Benign Paroxysmal Positional Vertigo and Vertigo

What is Benign Paroxysmal Positional Vertigo (BPPV)?

First of all lets break down the name: 

  • Benign meaning that it is not life-threatening
  • Paroxysmal referring to the symptoms coming and going 
  • Positional as symptoms are brought about in specific positions 
  • Vertigo referring to the feeling of the room spinning 

BPPV is a mechanical issue of the inner ear. BPPV is caused by the crystals being dislodged into the semi-circular canal. This results in incorrect signals being sent to the brain and results in vertigo. This can occur idiopathically (randomly) or can occur following a trauma to the head such as a car crash. 

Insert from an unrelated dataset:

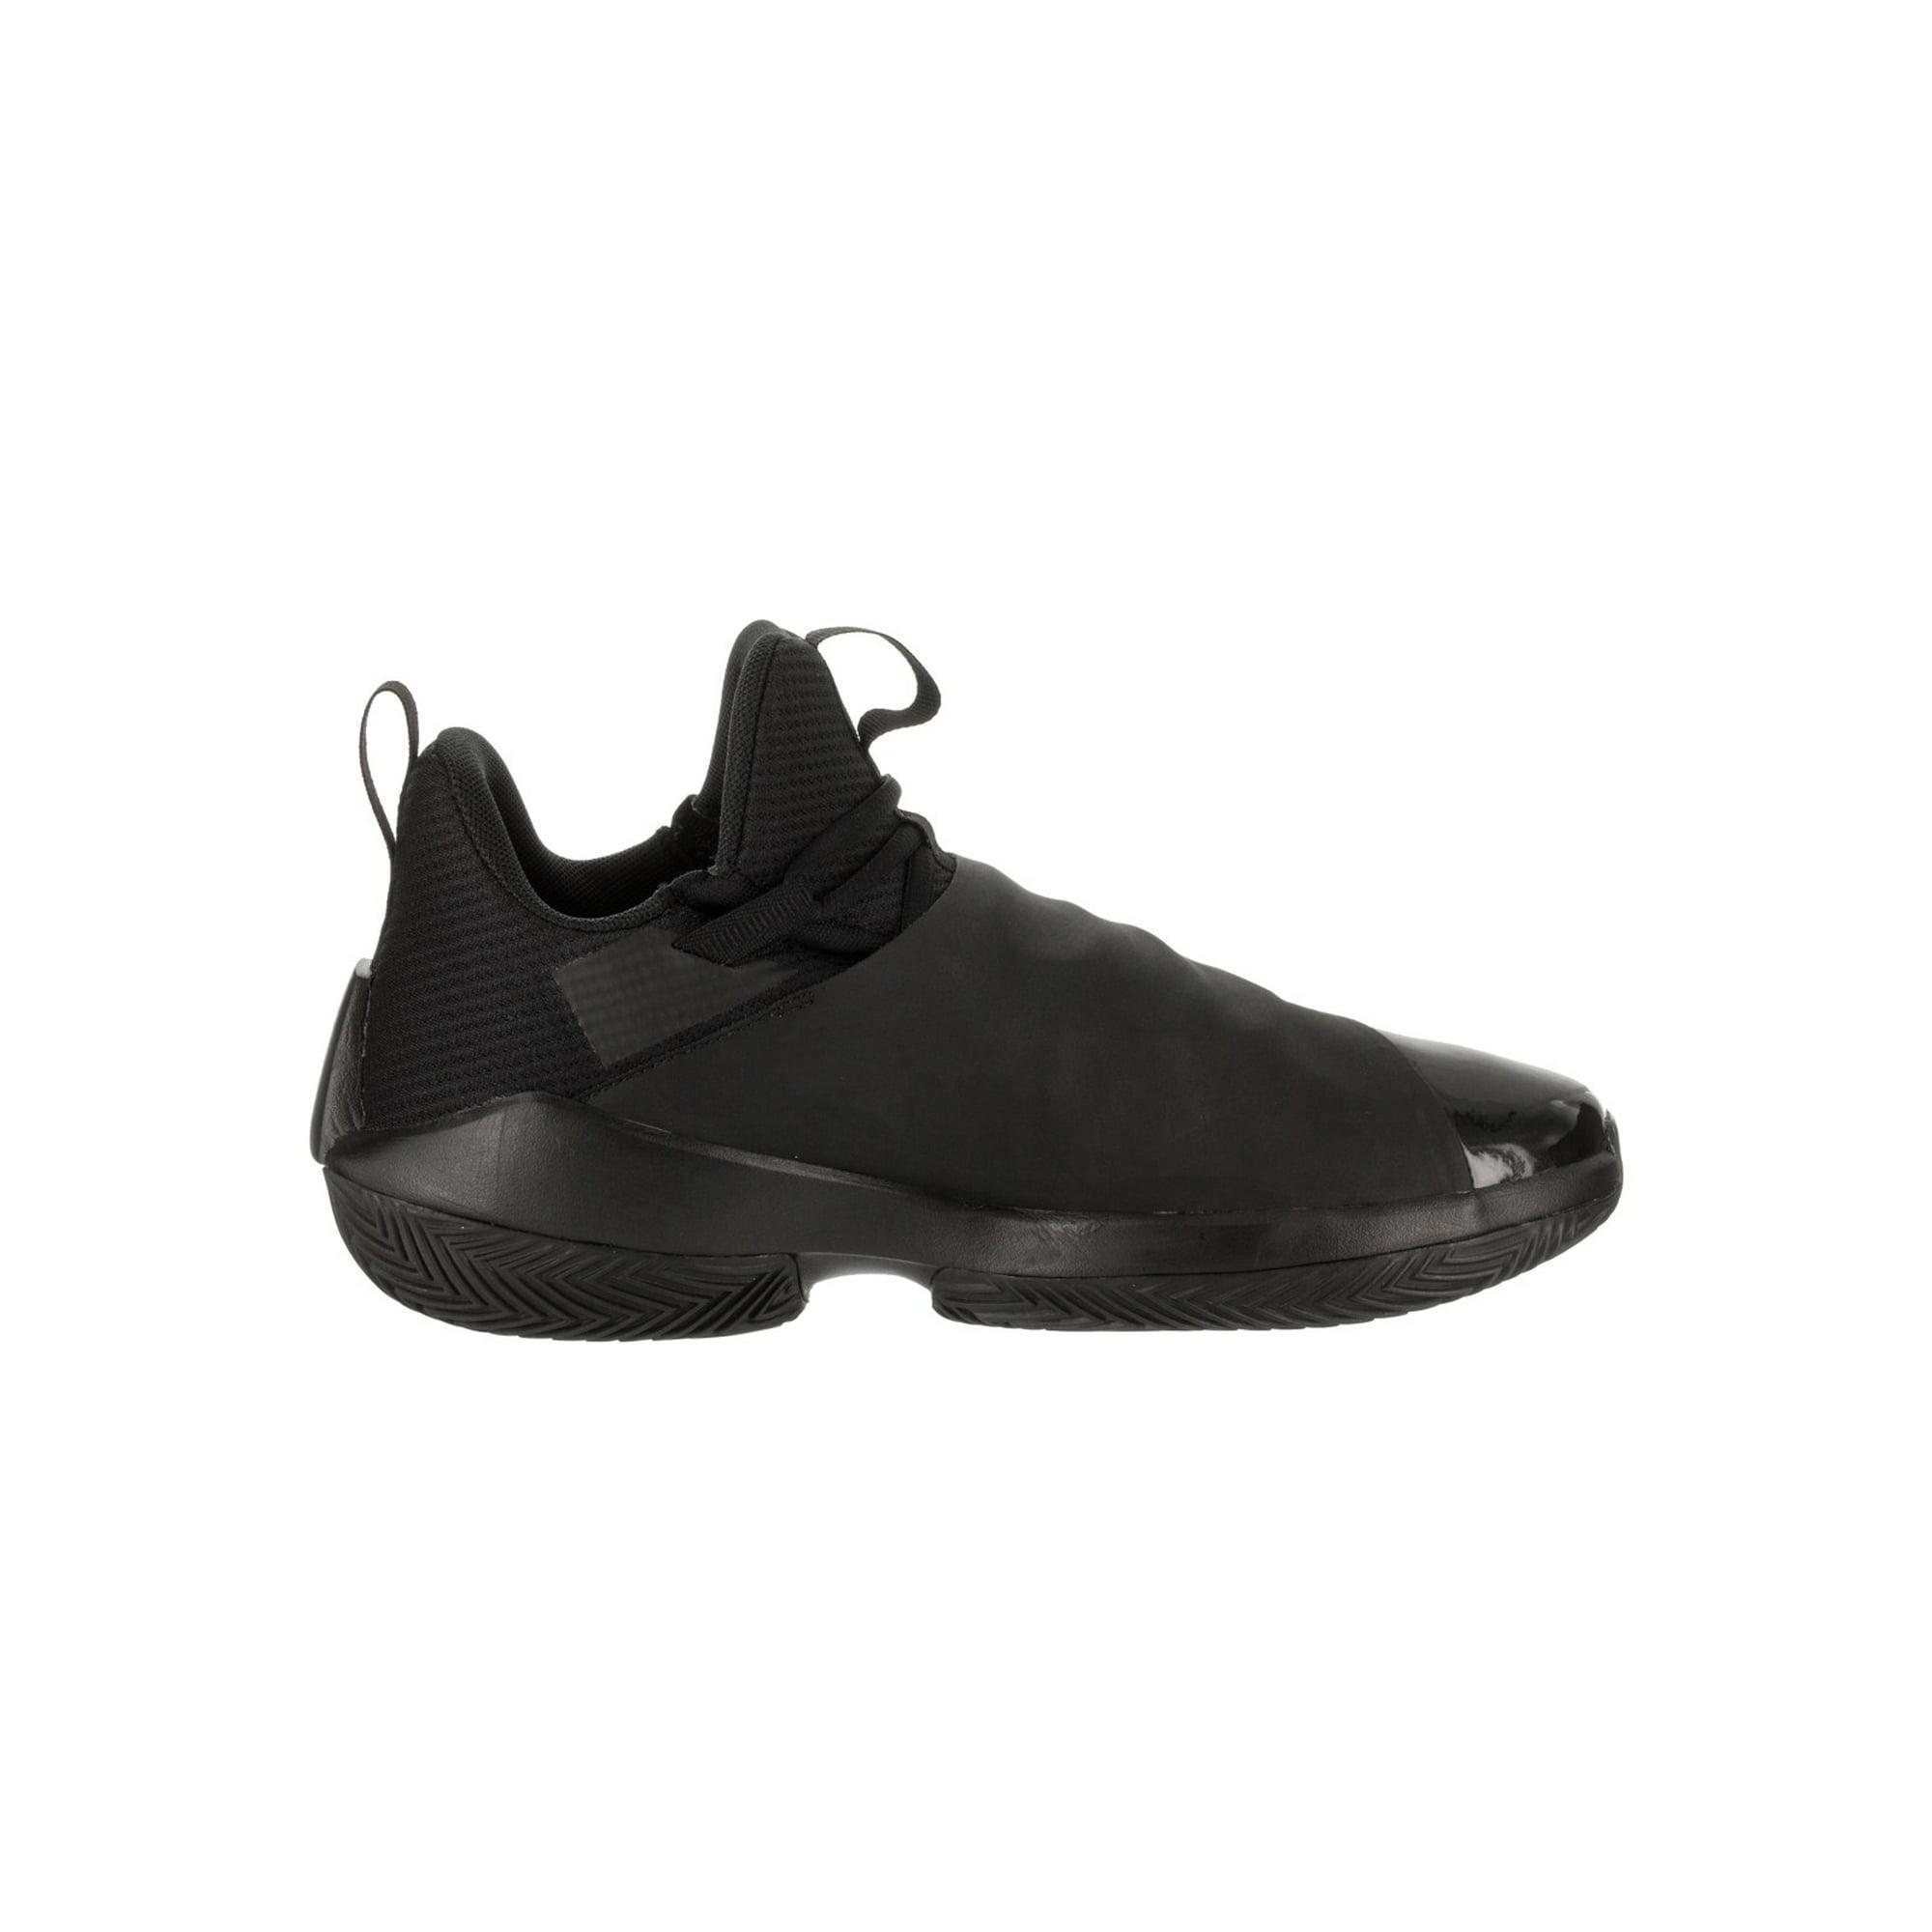 e6ba3faf745 Nike Jordan Men s Jordan Jumpman Hustle Basketball Shoe

What are the symptoms of Benign Paroxysmal Positional Vertigo?

  • Dizziness – seconds after a head movement and not lasting for longer than a minute 
  • Light headedness
  • Balance Problems
  • Nausea

Management of Benign Paroxysmal Positional Vertigo? 

The Physiotherapist will first identify which canal is affected by the crystals. Once identified the Physiotherapist will perform a technique that aims to move the crystals back to their correct position and results in less ‘dodgy’ firing of the vestibulocochlear nerve. This technique can sometimes take anywhere between 1-5 regular attempts. 

After identifying which canals are affected your therapist will prescribe a technique (Epley’s manoeuvre) that dislodges the crystals and allows a normal vestibular function. This will result in less ‘dodgy firing’ of the vestibulocochlear nerve a reduce the symptoms.